Modeling of Flow Boiling in Microchannel with Non-Uniform Wall Heat Flux

[+] Author and Article Information
Daniel Lorenzini

George W. Woodruff School of Mechanical Engineering, Georgia Institute of Technology, 801 Ferst Dr, Atlanta, GA 30332, United States
lorenzini@gatech.edu

Yogendra Joshi

George W. Woodruff School of Mechanical Engineering, Georgia Institute of Technology, 801 Ferst Dr, Atlanta, GA 30332, United States
yogendra.joshi@me.gatech.edu

1Corresponding author.

ASME doi:10.1115/1.4037343 History: Received June 03, 2016; Revised May 15, 2017

Abstract

The computational fluid dynamics (CFD) modeling of boiling phenomena has remained a challenge due to numerical limitations for accurately simulating the two-phase flow and phase-change processes.
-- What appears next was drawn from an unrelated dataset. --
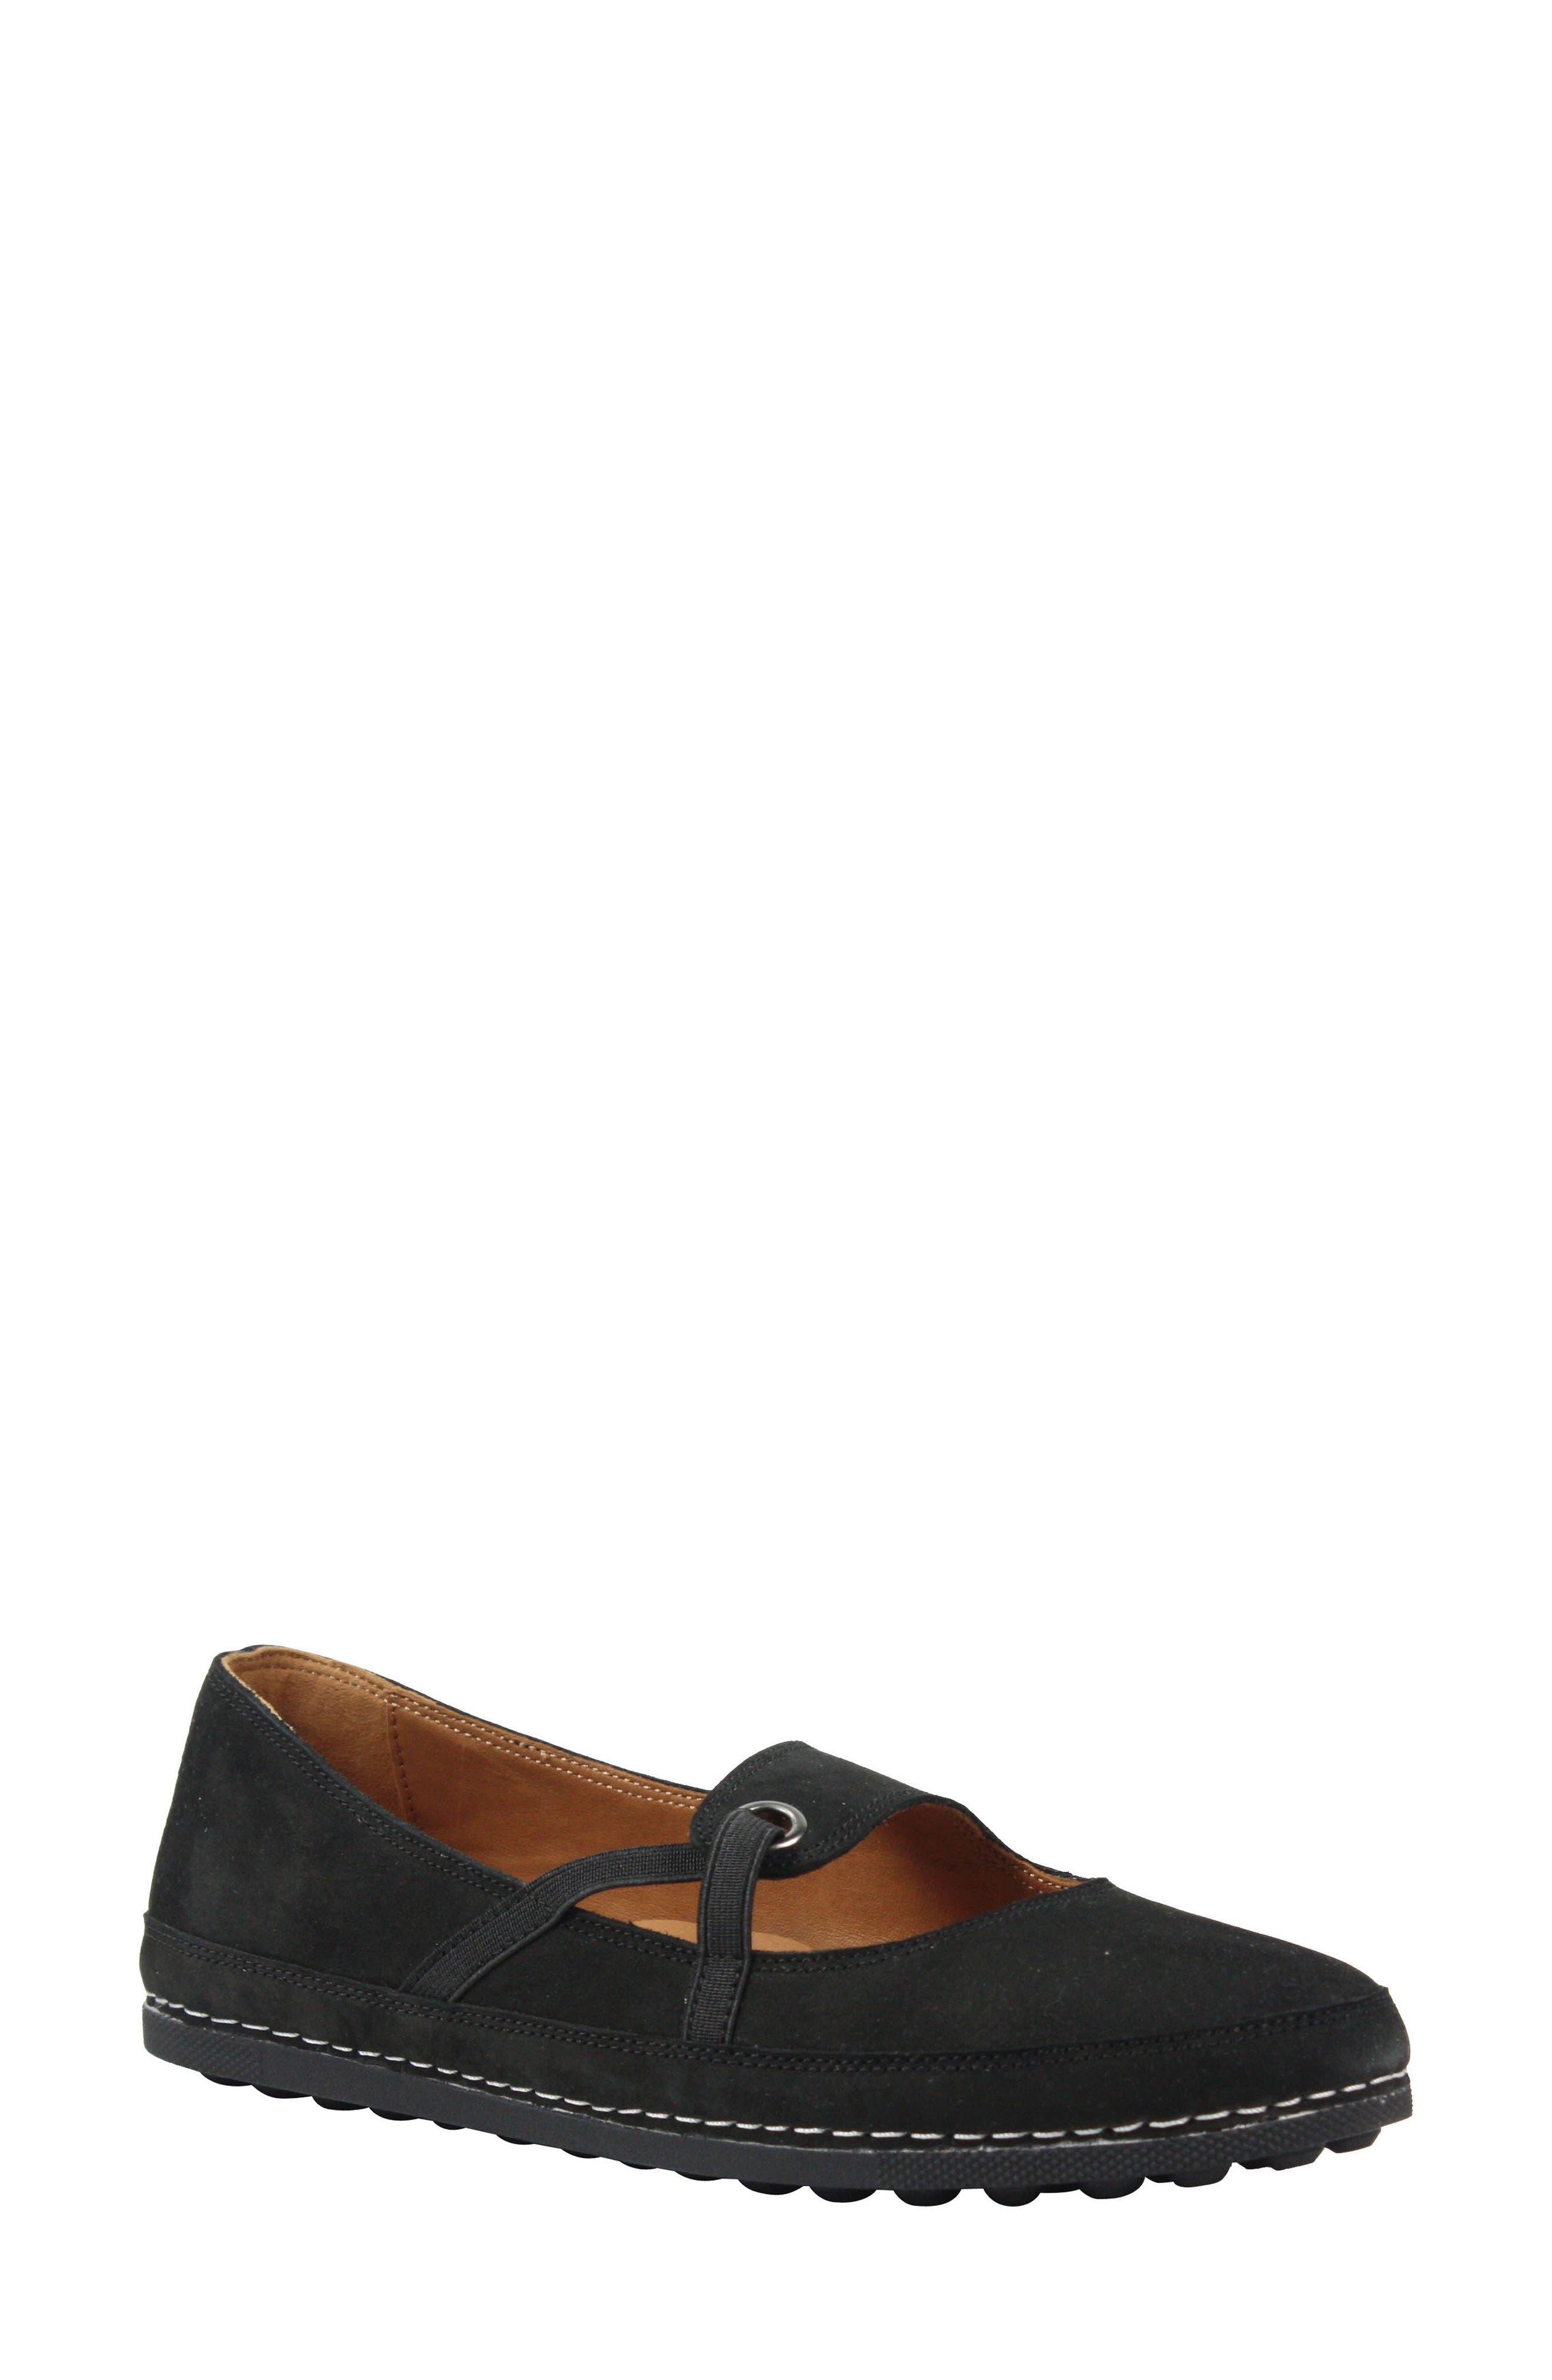 Denisse Mary Jane Flat,                             Main thumbnail 1, color,                             Black Nubuck Leather
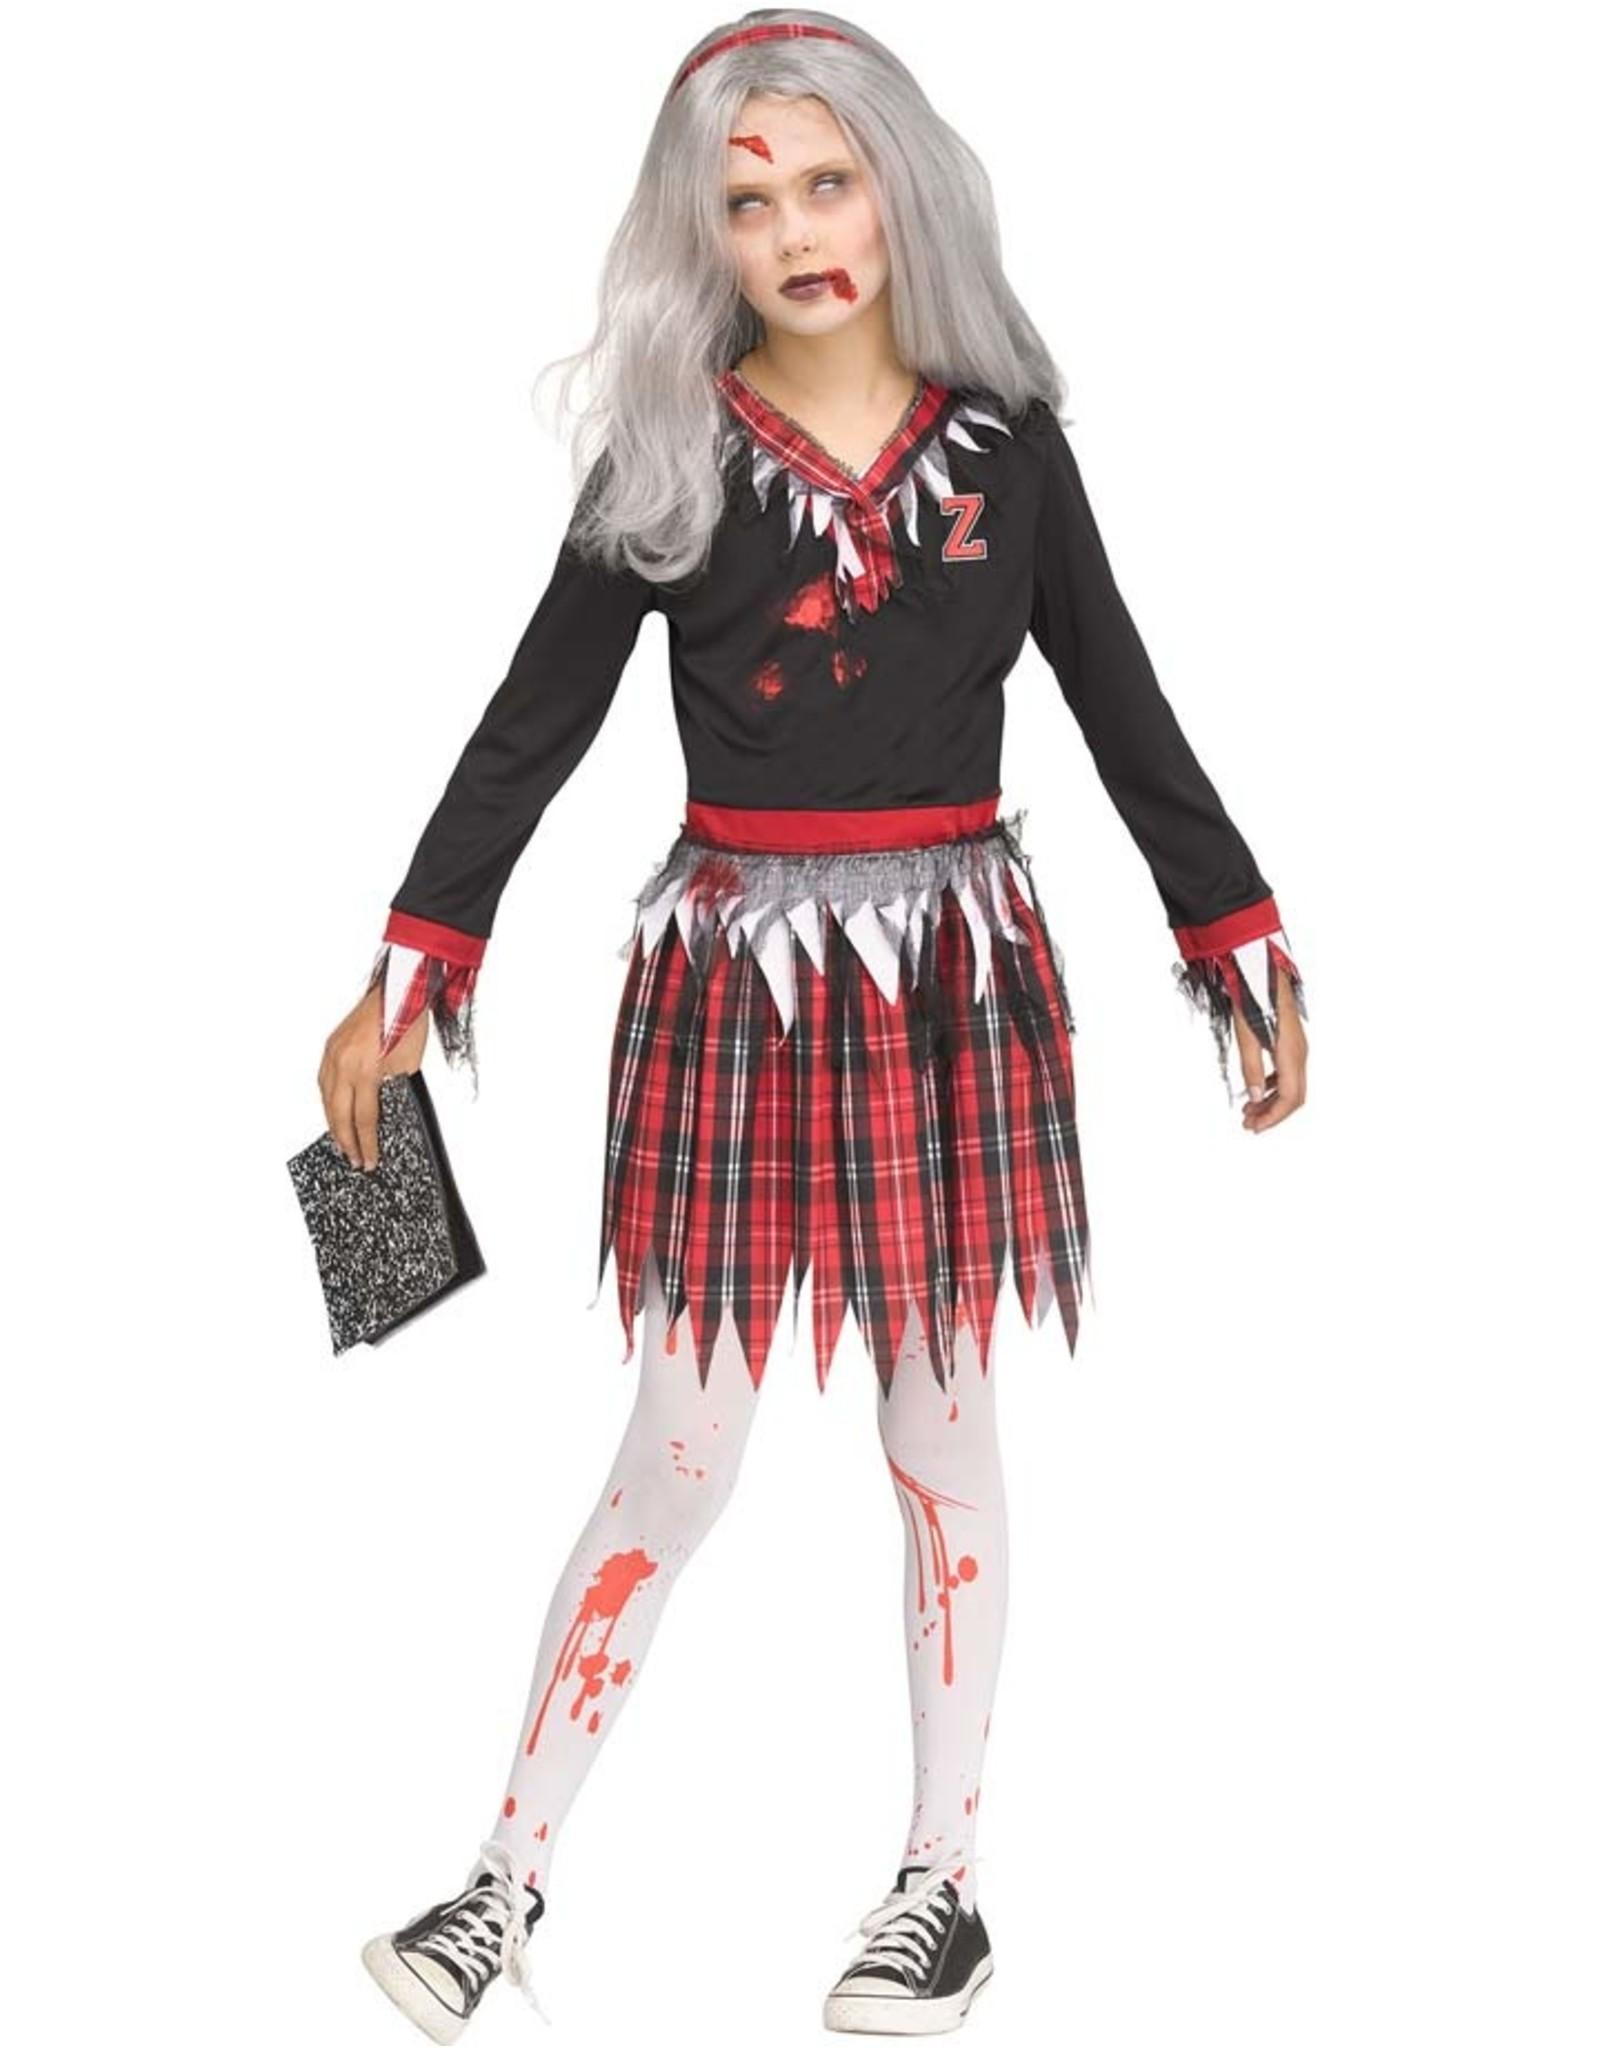 FUN WORLD Zombie School Girl - Girls

In the present investigation, a CFD approach for such analysis is described using a three-dimensional (3D) Volume of Fluid (VOF) model coupled with a phase-change model accounting for the interfacial mass and energy transfer. This type of modeling allows the transient analysis of flow boiling mechanisms, while providing the ability to visualize in detail temperature, phase, and pressure distributions for microscale applications with affordable computational resources. Results for a plain microchannel are validated against benchmark correlations for heat transfer coefficients and pressure drop as a function of the heat flux and mass flux. Furthermore, the model is used for the assessment of two-phase cooling in microelectronics under a realistic scenario with non-uniform heat fluxes at localized regions of a silicon microchannel, relevant to the cooling layer of 3D integrated circuit (IC) architectures. Results indicate the strong effect of two-phase flow regime evolution and vapor accumulation on heat transfer. The effects of reduced saturation pressure, subcooling and flow arrangement are explored in order to provide insight about the underlying physics and cooling performance.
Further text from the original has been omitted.